Barbados sheep is a breed of domesticated sheep, that have a range spanning across twenty-five countries on three continents. They can be found in the Americas, Asia, and Europe. It’s most abundant in the Caribbean region, in Mexico and in Peru. This breed is raised primarily for meat, but can be found as pets in some countries. Their origins are likely tied to African ancestry, with strong evidence that the breed as seen today, was developed by the people of the Caribbean island of Barbados. They were first developed by the people on the island from sheep brought by early European settlers. As of 2015 the total world population was estimated at about 158,000, with the U.S. having 1,971 registered sheep in 2014.
In 1904, the USDA imported a small flock for study. From the original flock, two distinct breeds have emerged in the U.S. Purebred Barbados Blackbelly sheep are polled (hornless). The horns were gained by crossbreeding the Barbados Blackbelly with Mouflon and Rambouillet sheep.

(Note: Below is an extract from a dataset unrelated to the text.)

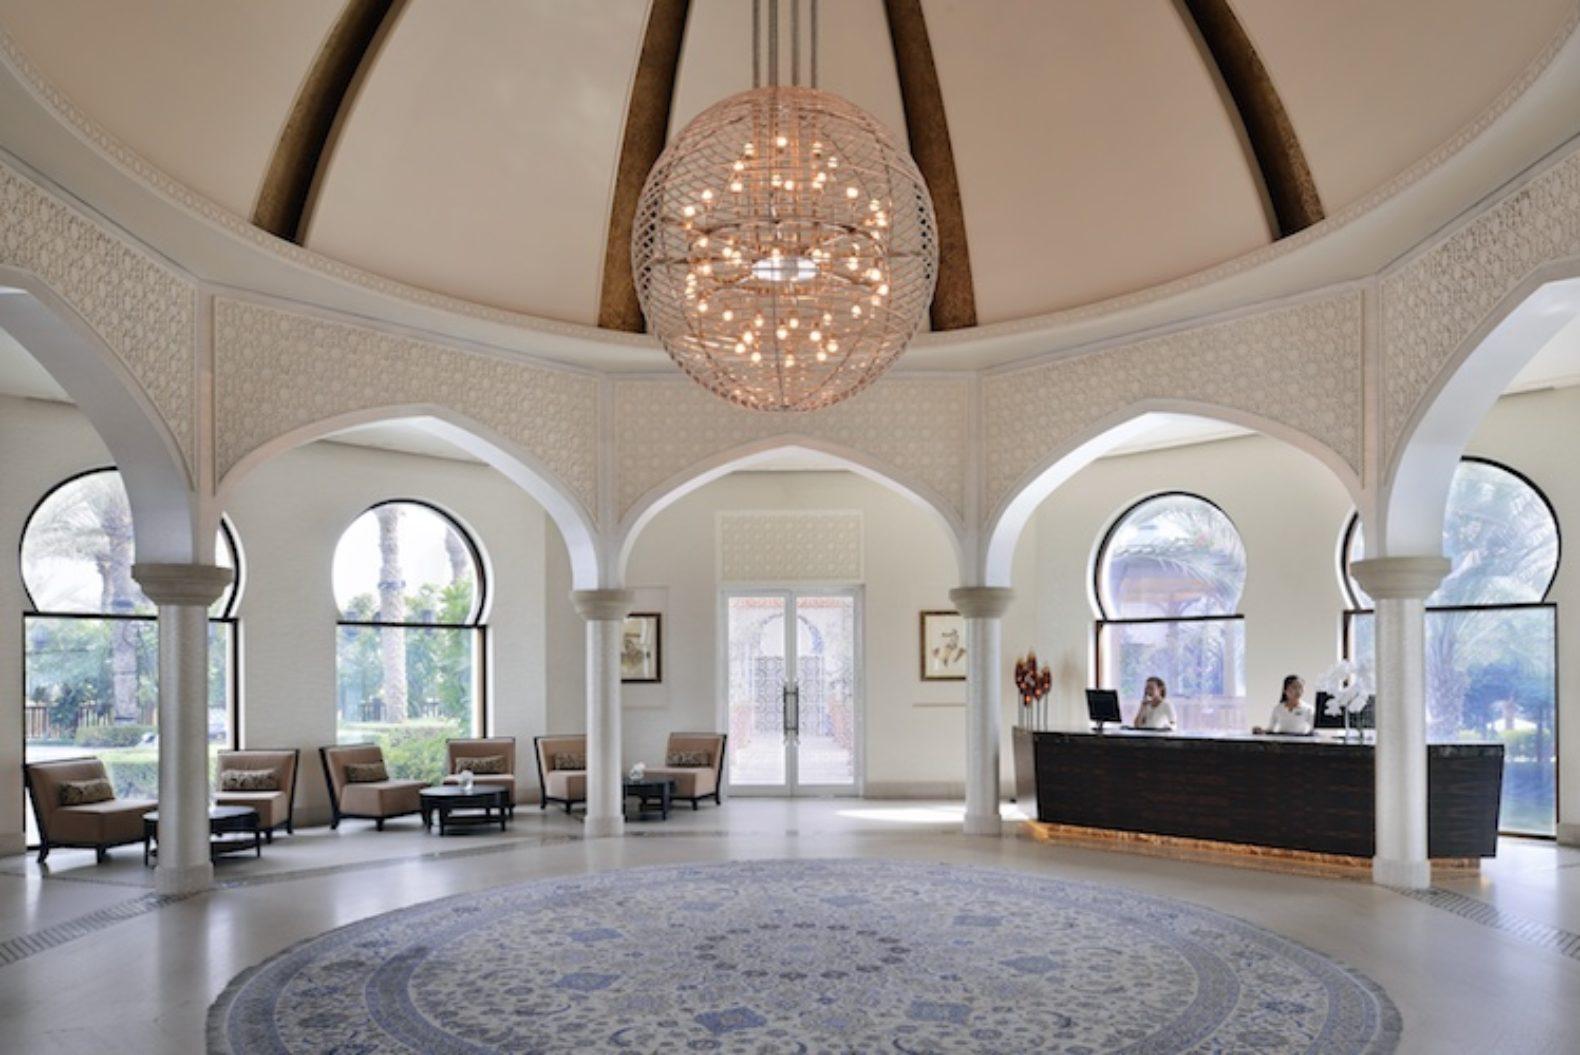 spacious-modern-lobby-entrance-hall-park-hyatt-dubai-hotel
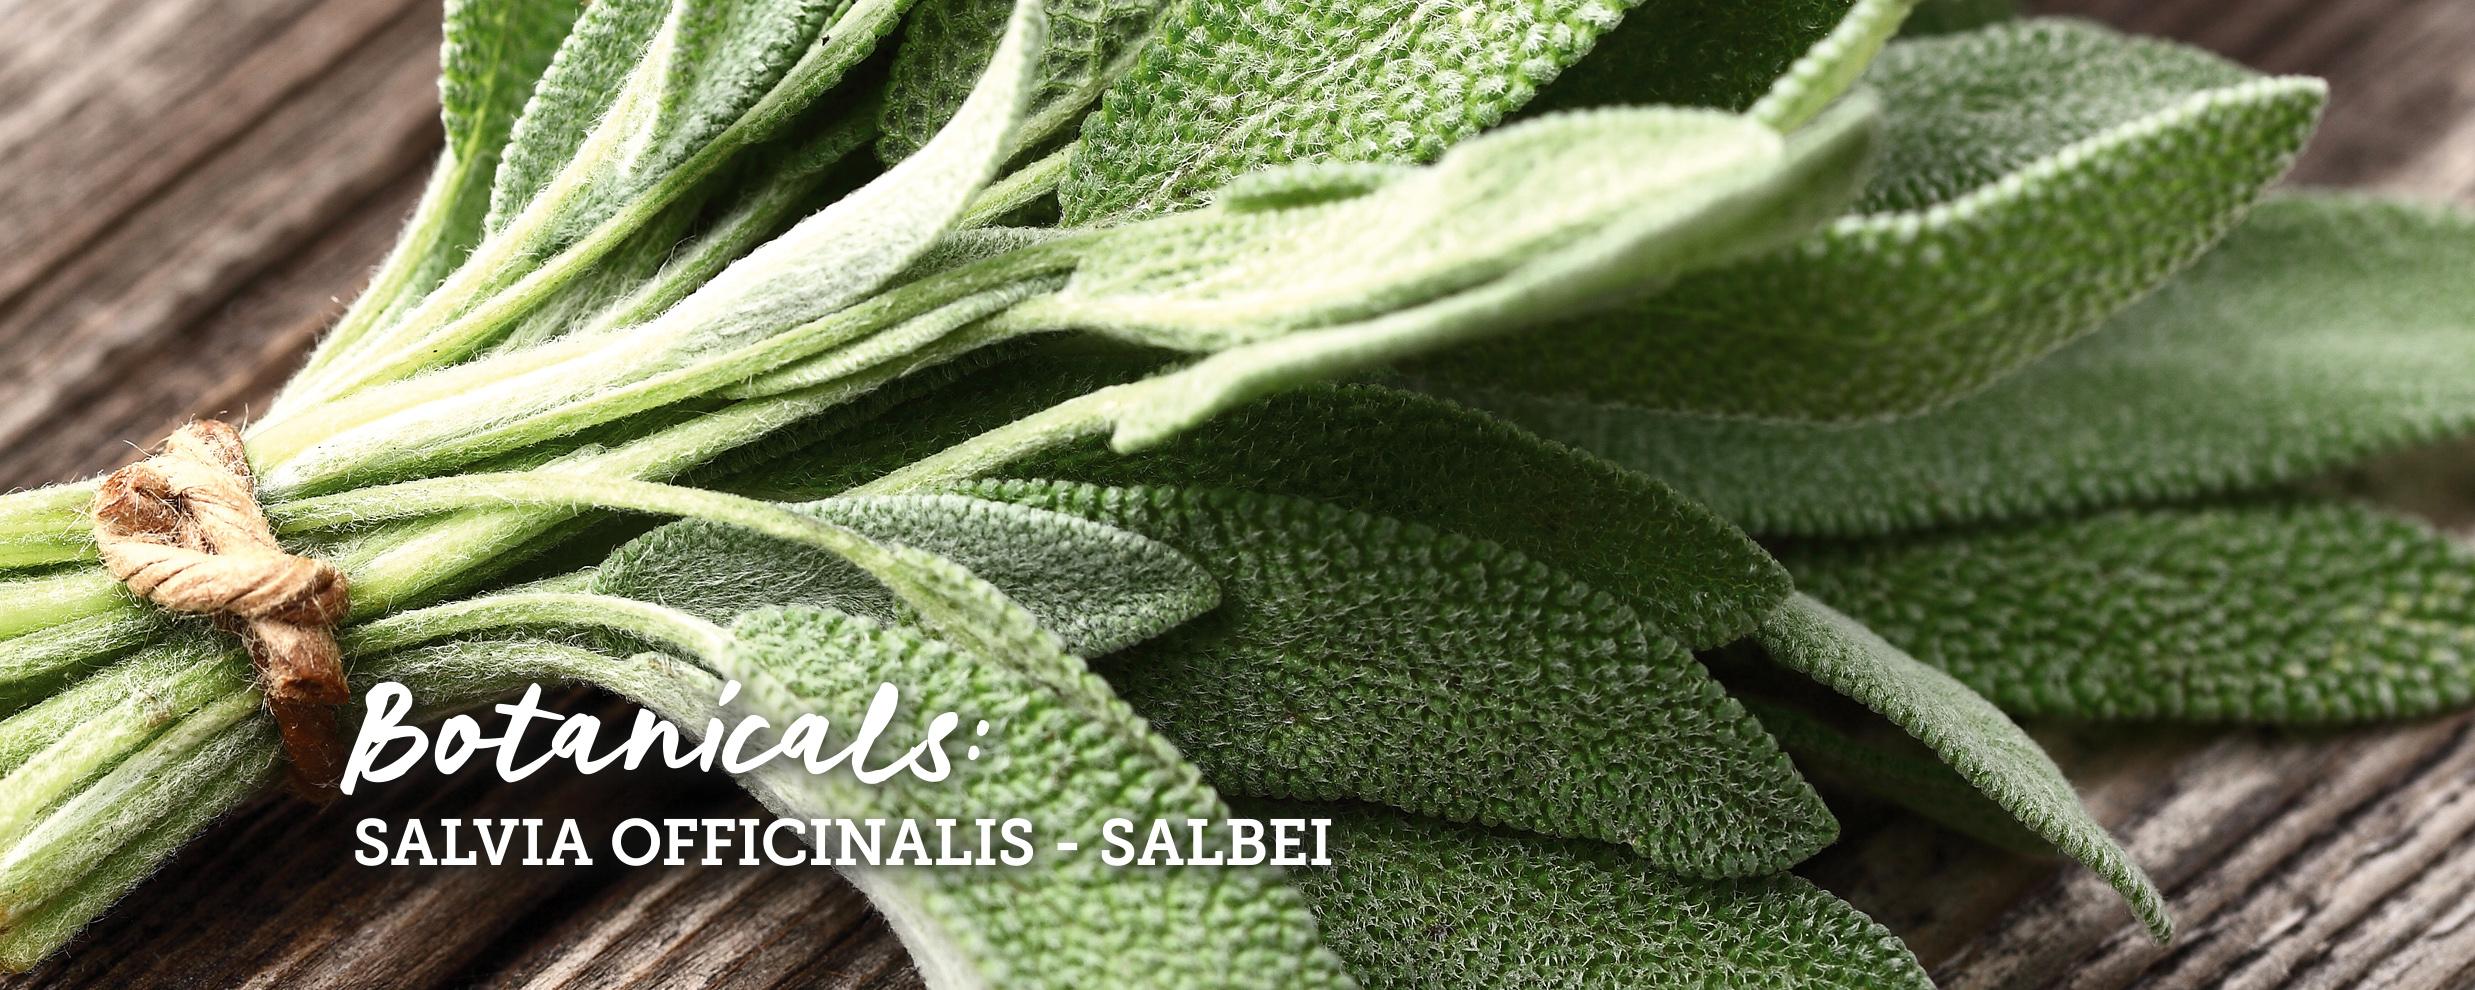 botanicals-salbei

Barbados sheep have a goat like appearance, but are a known true sheep. They are able to tolerate heat and exhibit more stamina than most breeds of sheep. They are light on their feet and in some ways resemble deer, when roaming around. They are known as “hair sheep”, meaning they don’t grow wool, but rather have coarse hair. They can sometimes develop a wool undercoat, that is shed in the springtime. Barbados sheep breed all year round. They are very disease resistant and parasite tolerant, these genetic traits have created a demand for Barbados sheep.
Say Hello To Cub Creek's Sheep: Sahara & Princess
All tan, like a desert, Sahara is one of camp’s female hair sheep. She is laid back and sweet and loves to graze and nap Sahara is a polled sheep, meaning she doesn't have her horns. Distinguished by her dark legs, Princess certainly fits her name with her regal attitude. She has her horns resembling a crown atop her head. She loves to sit back and watch the action, but will be willing to come up to you for a treat.
Barbados Sheep are a domesticated breed originating on the Carribbean island of Barbados. They've been transported on boats to other Carribbean islands, and the Americas.
HABITAT -They thrive in the hot, humid environments of the Caribbean. Can also do well in cooler climates.
DIET -Sufficient amounts of grass for grazing can sustain them, supplemented by hay. In the wild will also eat tree and plant leaves.
FUN FACT -These sheep don’t produce wool, and are known to have coarse hair.
SOCIAL BEHAVIOR -The sheep live in flocks, and are domesticated by humans.
ACTIVITY -Barbados sheep are diurnal, active during the day and sleeping at night.
PREDATORS - Predators include coyotes, wolves, foxes, bobcats, and wild dogs.
SIZE -Rams (males) weigh between 90 - 150 lbs and ewes (females) weigh between 70 - 120 lbs.
RELATIVES -Purebred Barbados Blackbelly Sheep are related to the American Blackbelly and Horned Blackbelly breeds.
CONSERVATION -Barbados sheep are categorized as a Not Listed species by the IUCN.
Cub Creek Animal Care Information
Housing - Our Barbados Sheep thrive in open pasture environments, with lush green fields for grazing. The pastures are enclosed with fencing to keep predators out, and provide a covered area to take shelter in extreme weather. We provide automatic water dispensers that always keep fresh water for them.
Diet - The majority of our Barbados Sheep’s diet consists of allstock and hay. This provides well balanced nutrition, supplemented by lush grasses they graze on. The food is provided to them in hanging food bucket containers, a feed trough, and hay feeders. Sometimes they enjoy special treats of various vegetables!
Enrichment - We love our sheep and provide them with plenty of enrichment. Scatter feeding is a technique we use to help make mealtimes last longer, and allows them to eat slower. Since the food is more spread out rather than in one large pile, they must do a bit more foraging. We also give them livestock balls to play with, and they live in the same pasture as our goats with their goat playground! We also like to let them roam and explore outside of their regular grazing areas.